The Ideal brand cat flap I used includes a tracing template. There are two small tricks to choosing where to lay that template on the door. Both relate to the fact that a hole in a door can weaken it.
Trick Number One: trace the cat flap on the door’s panels (the thin parts), not on the door’s frame (the thick parts). Trick Number Two: trace the bottom of the flap 5 to 6 inches from the bottom of the door so you won’t compromise the bottom of the door frame. That’s the distance Ideal recommends, and it turns out to be the right height for the cats. Notice how in the pictures they’re looking right through the flap.
If you aren’t experienced with a saber saw, there’s one other trick you may need to know. How do you get the saw started in the interior of a door? I used a cordless drill and a large bit to drill a starting hole a little bigger than a pencil. You can also plunge saw. Rest the saw at an angle to the wood, with the front of the saw’s metal platform touching the wood. Then press the trigger and gradually tilt the saw blade into the wood.

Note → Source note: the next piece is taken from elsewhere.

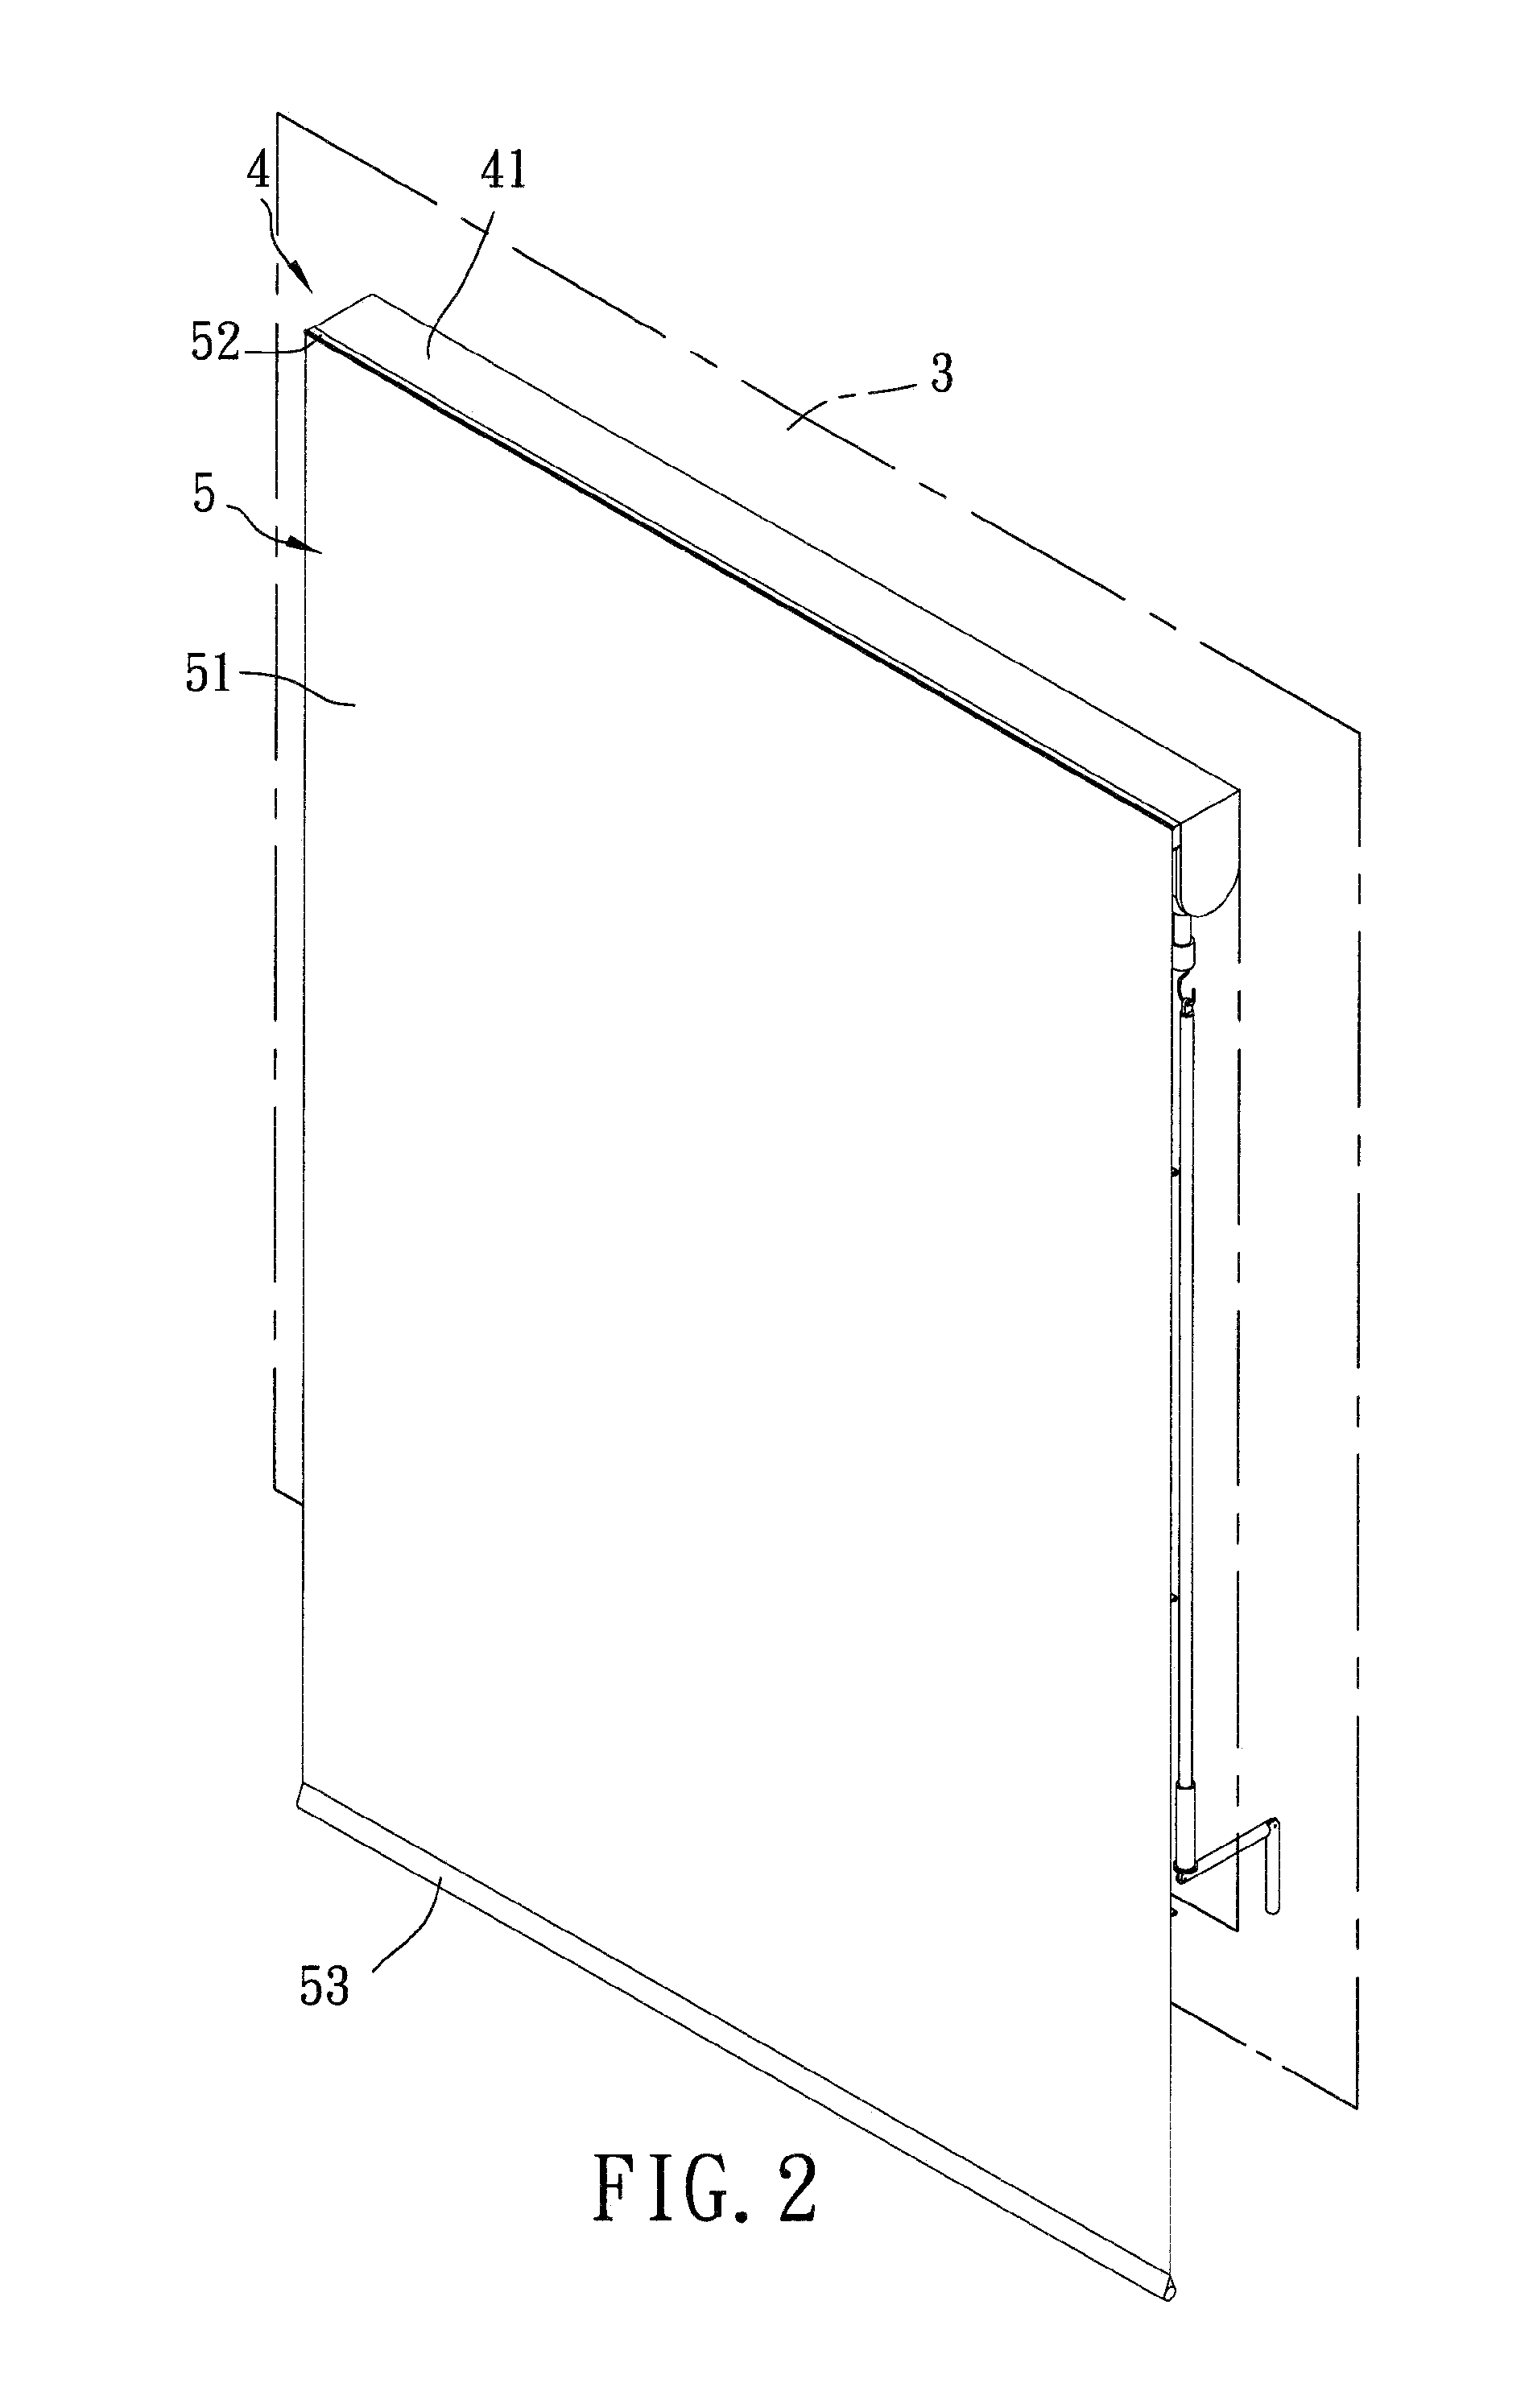 Window blind assembly

Movie: Milo’s First Trip Through the New Cat Flap
AVI Format Movie (1.5 Mbytes)
QuickTime Format Movie (1.8 Mbytes)
If you watch the movie, you’ll see Melissa’s hands holding Milo up to the flap. You’ll also hear me mumbling “action.” Also, this was actually the third or fourth attempt at capturing this special moment on film. When I was in biology, this is what we called nature fakery. It really makes you respect the guys on the Discovery channel. I’ll bet the orangutans show up to work stoned, and the rhinos are all catty prima donnas who sleep with each other’s boyfriends.
Fine Points of Having a Cat Door
The Ideal cat flaps have a lock, so you can leave the flap totally open, totally locked, or set it so the cats can go in but not out, or out but not in. Why? Well, for instance, if the cats have a vet appointment the next morning you might want them to be able to come in, but not go back out so you’ll be able to find them in the morning.
The lock is slightly problematic. The cats sometimes trip it and lock themselves out. I generally wedge something into the lock to keep it in the open position.
I’ve seen opossums, raccoons, skunks and ground hogs in my yard. When I first put in a cat flap I was worried about other animals coming into the house. After four years we finally had another animal come inside. It was a grey cat. The other cats are apparently friends with it, judging from the fact they don’t raise a fuss (though the dog does).
To avoid unlawful animal entry, PetSafe makes a line of electronic pet doors. They won’t open unless they sense a signal from a special collar your pet wears. It strikes me as too expensive and too complicated to rely on, but it’s another option.